[Collected data]

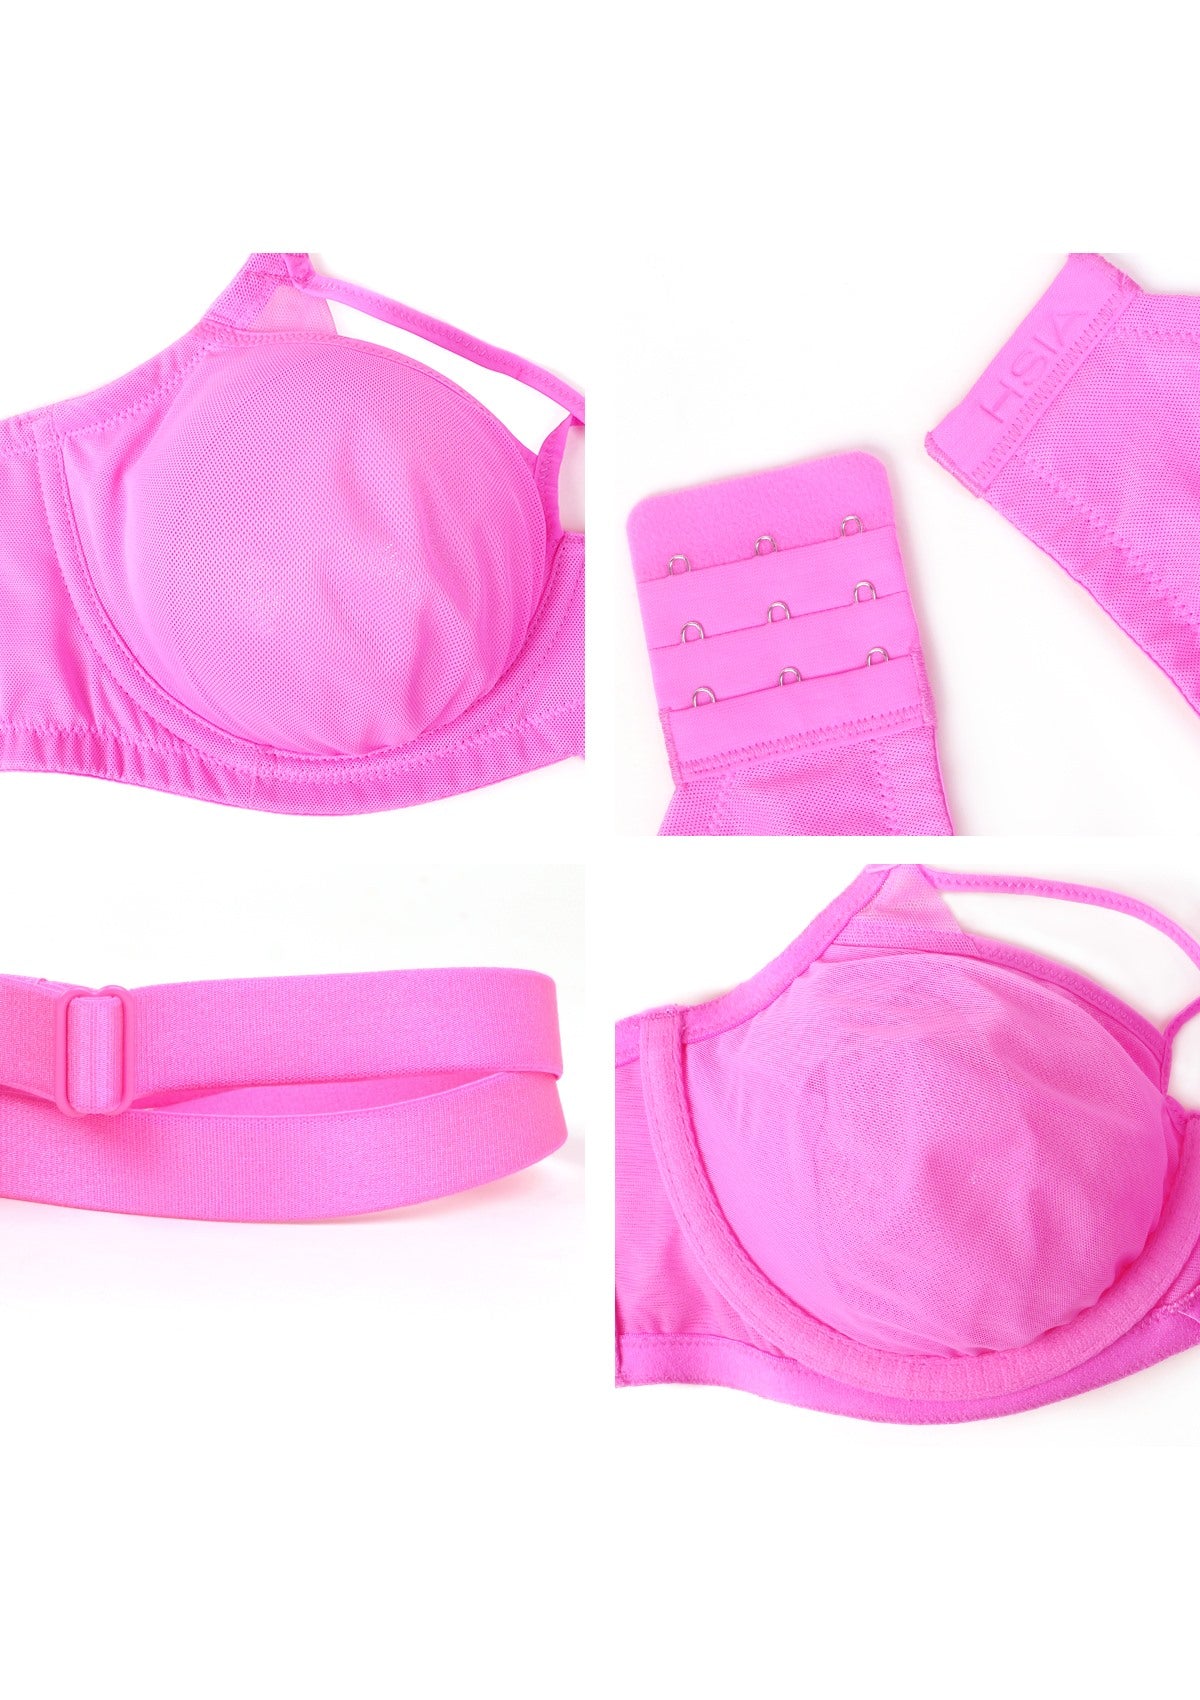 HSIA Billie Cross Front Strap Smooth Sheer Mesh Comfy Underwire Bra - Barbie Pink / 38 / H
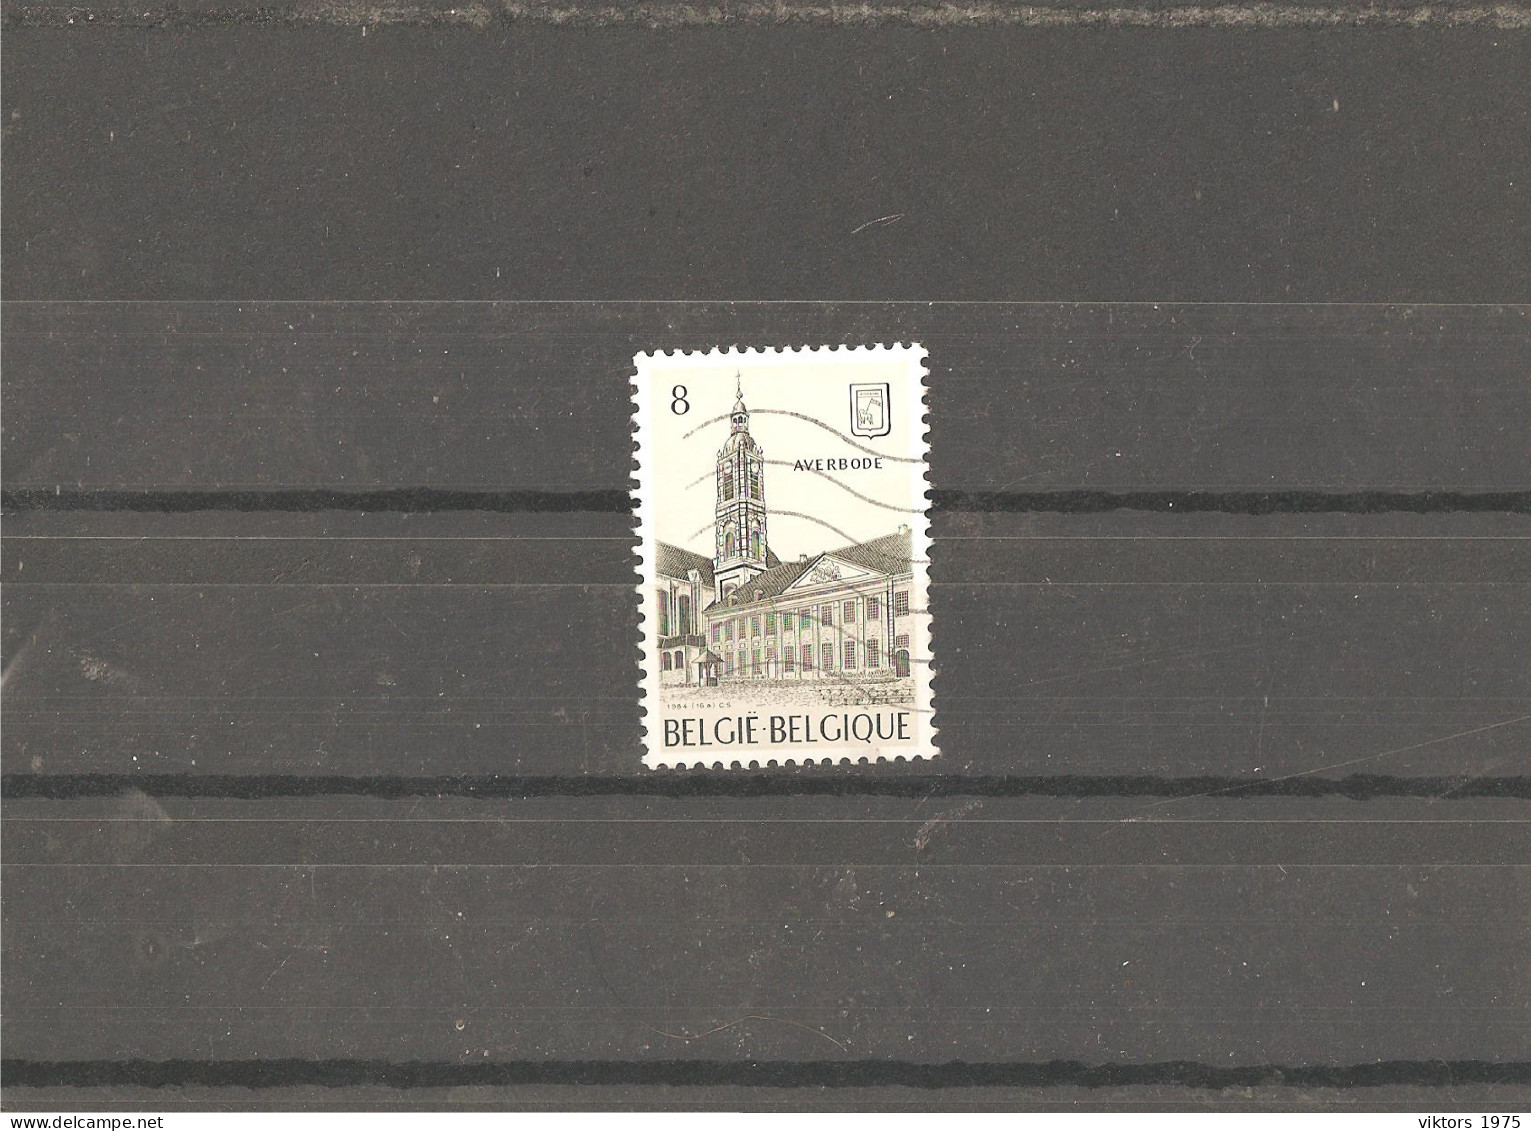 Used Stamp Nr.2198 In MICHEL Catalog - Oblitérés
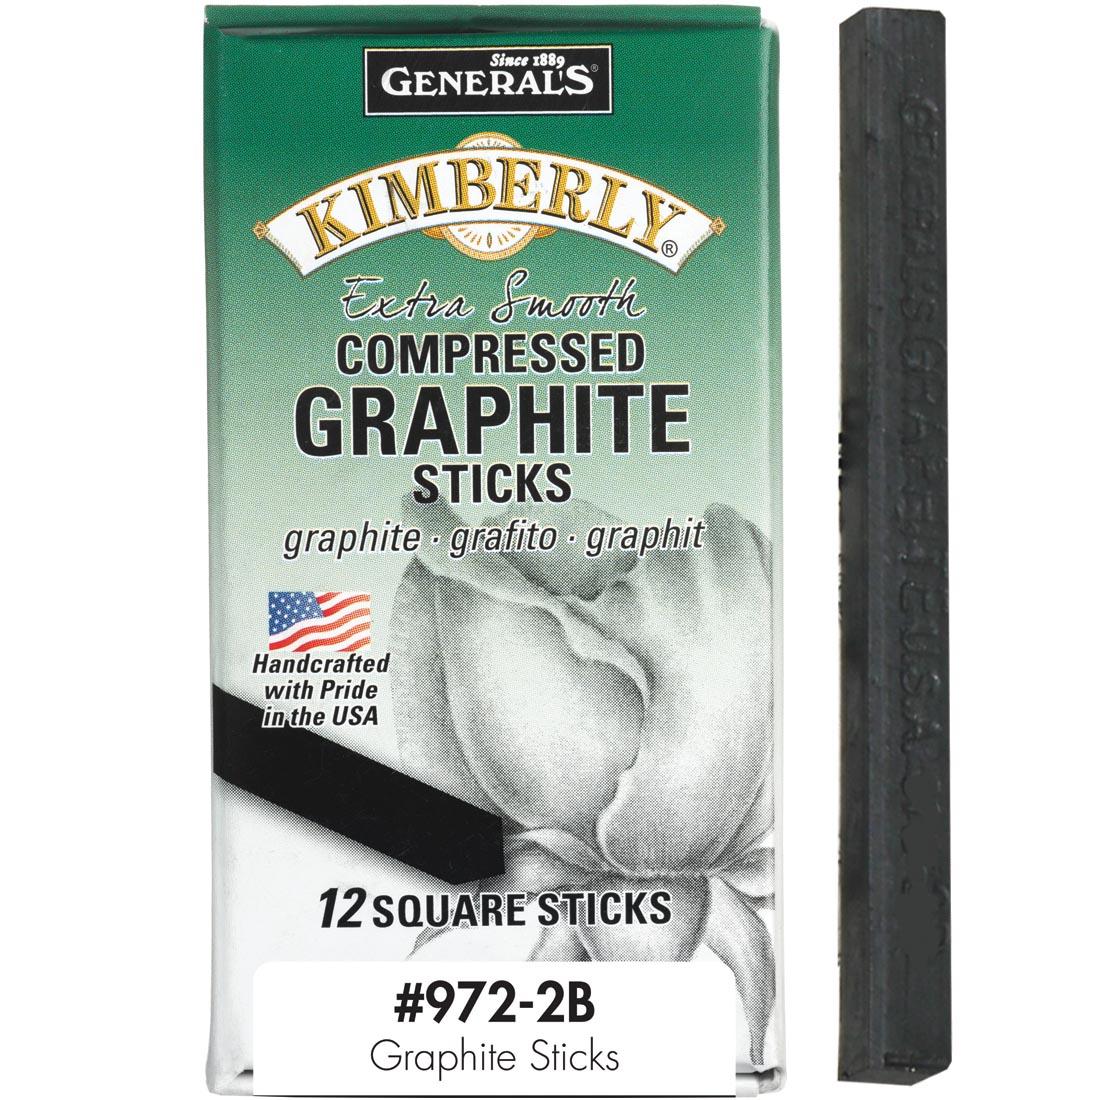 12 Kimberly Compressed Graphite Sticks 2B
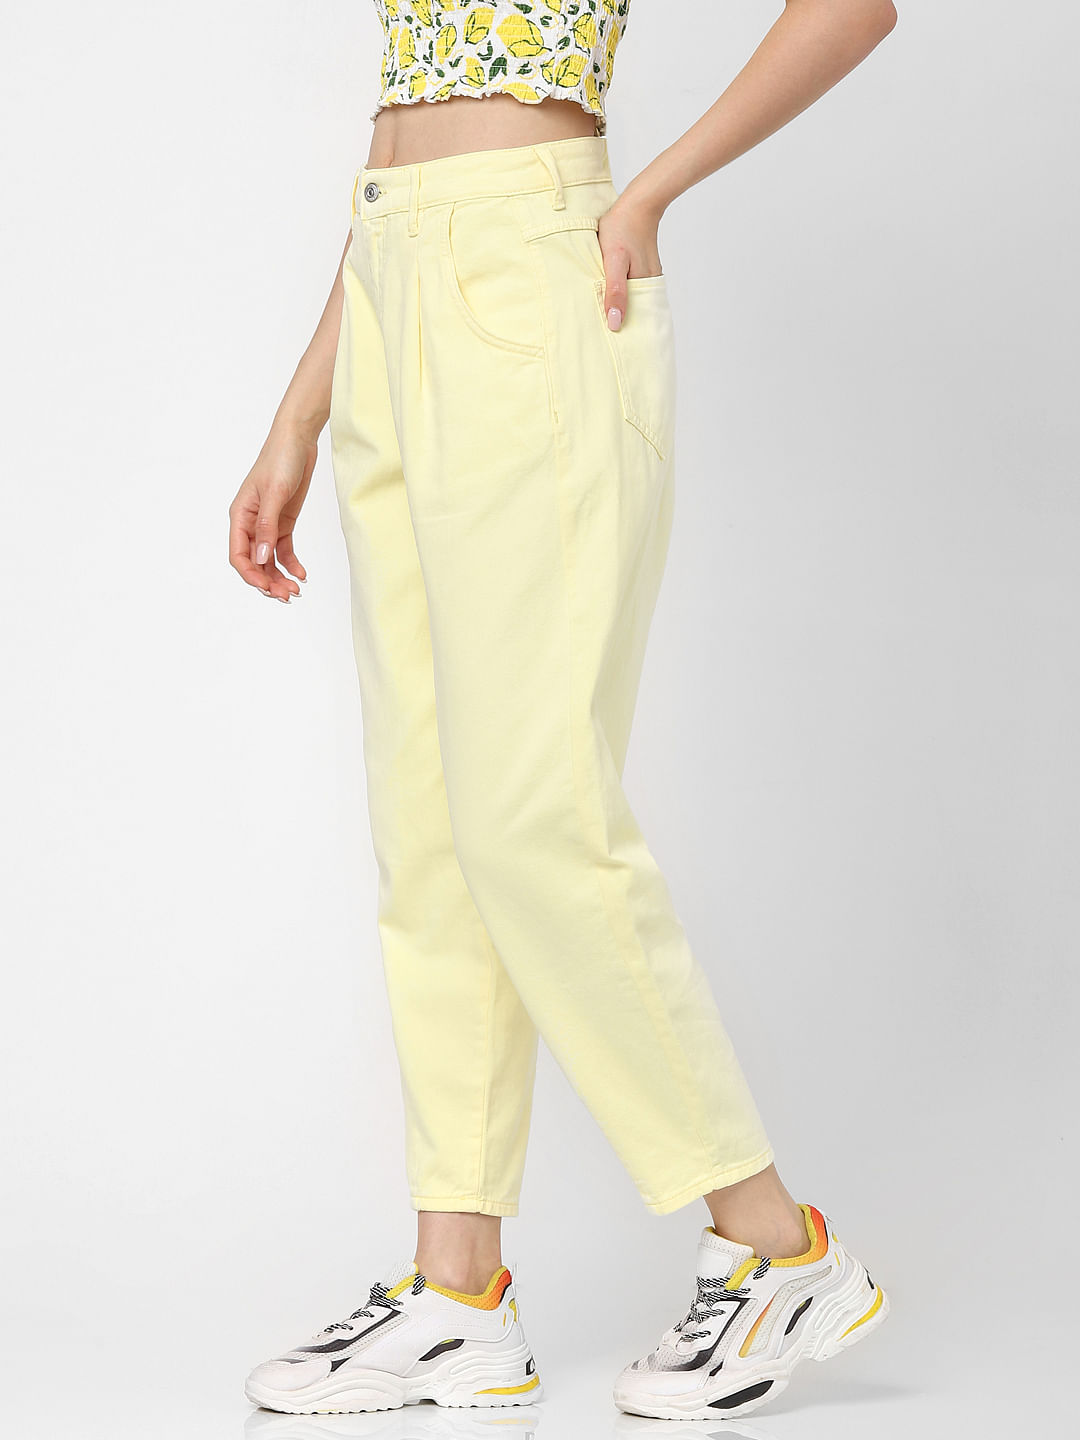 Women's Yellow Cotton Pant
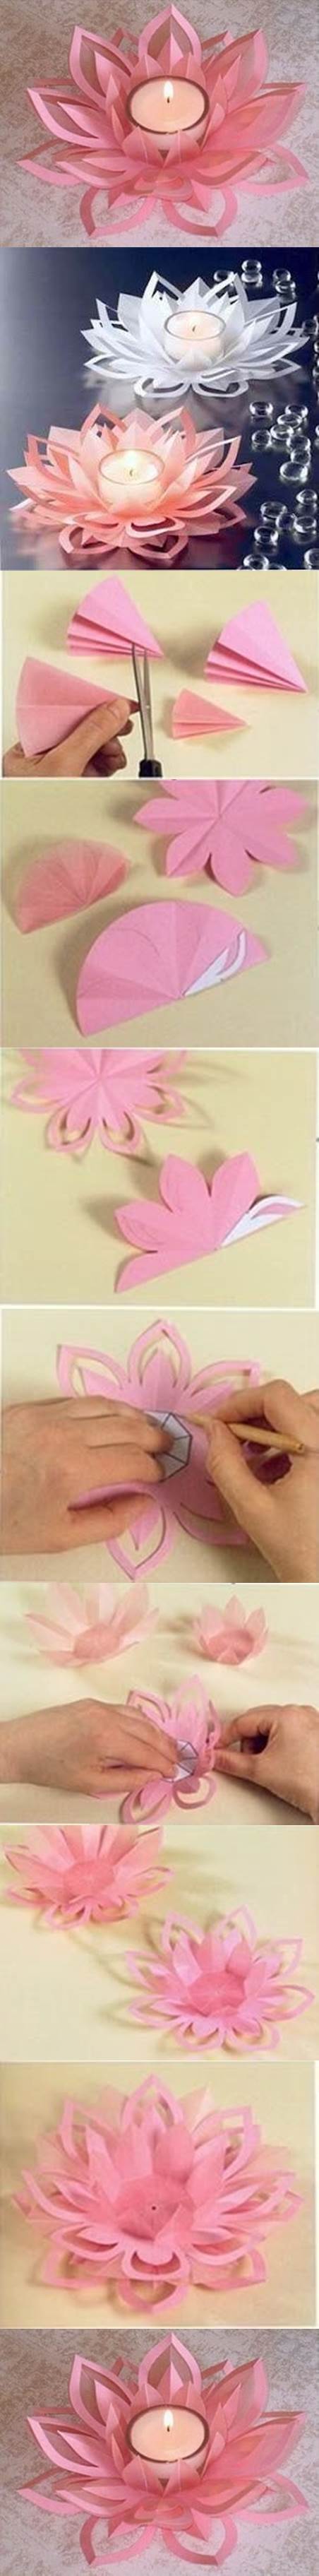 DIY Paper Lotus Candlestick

§ What you will do
All of the entries, apart from the pictures, must be returned exactly.

§ Solution to this task
 HSIA Billie Cross Front Strap Smooth Sheer Mesh Comfy Underwire Bra - Barbie Pink / 38 / H
 Used Stamp Nr.2198 In MICHEL Catalog - Oblitérés
 12 Kimberly Compressed Graphite Sticks 2B
 Women's Yellow Cotton Pant
 DIY Paper Lotus Candlestick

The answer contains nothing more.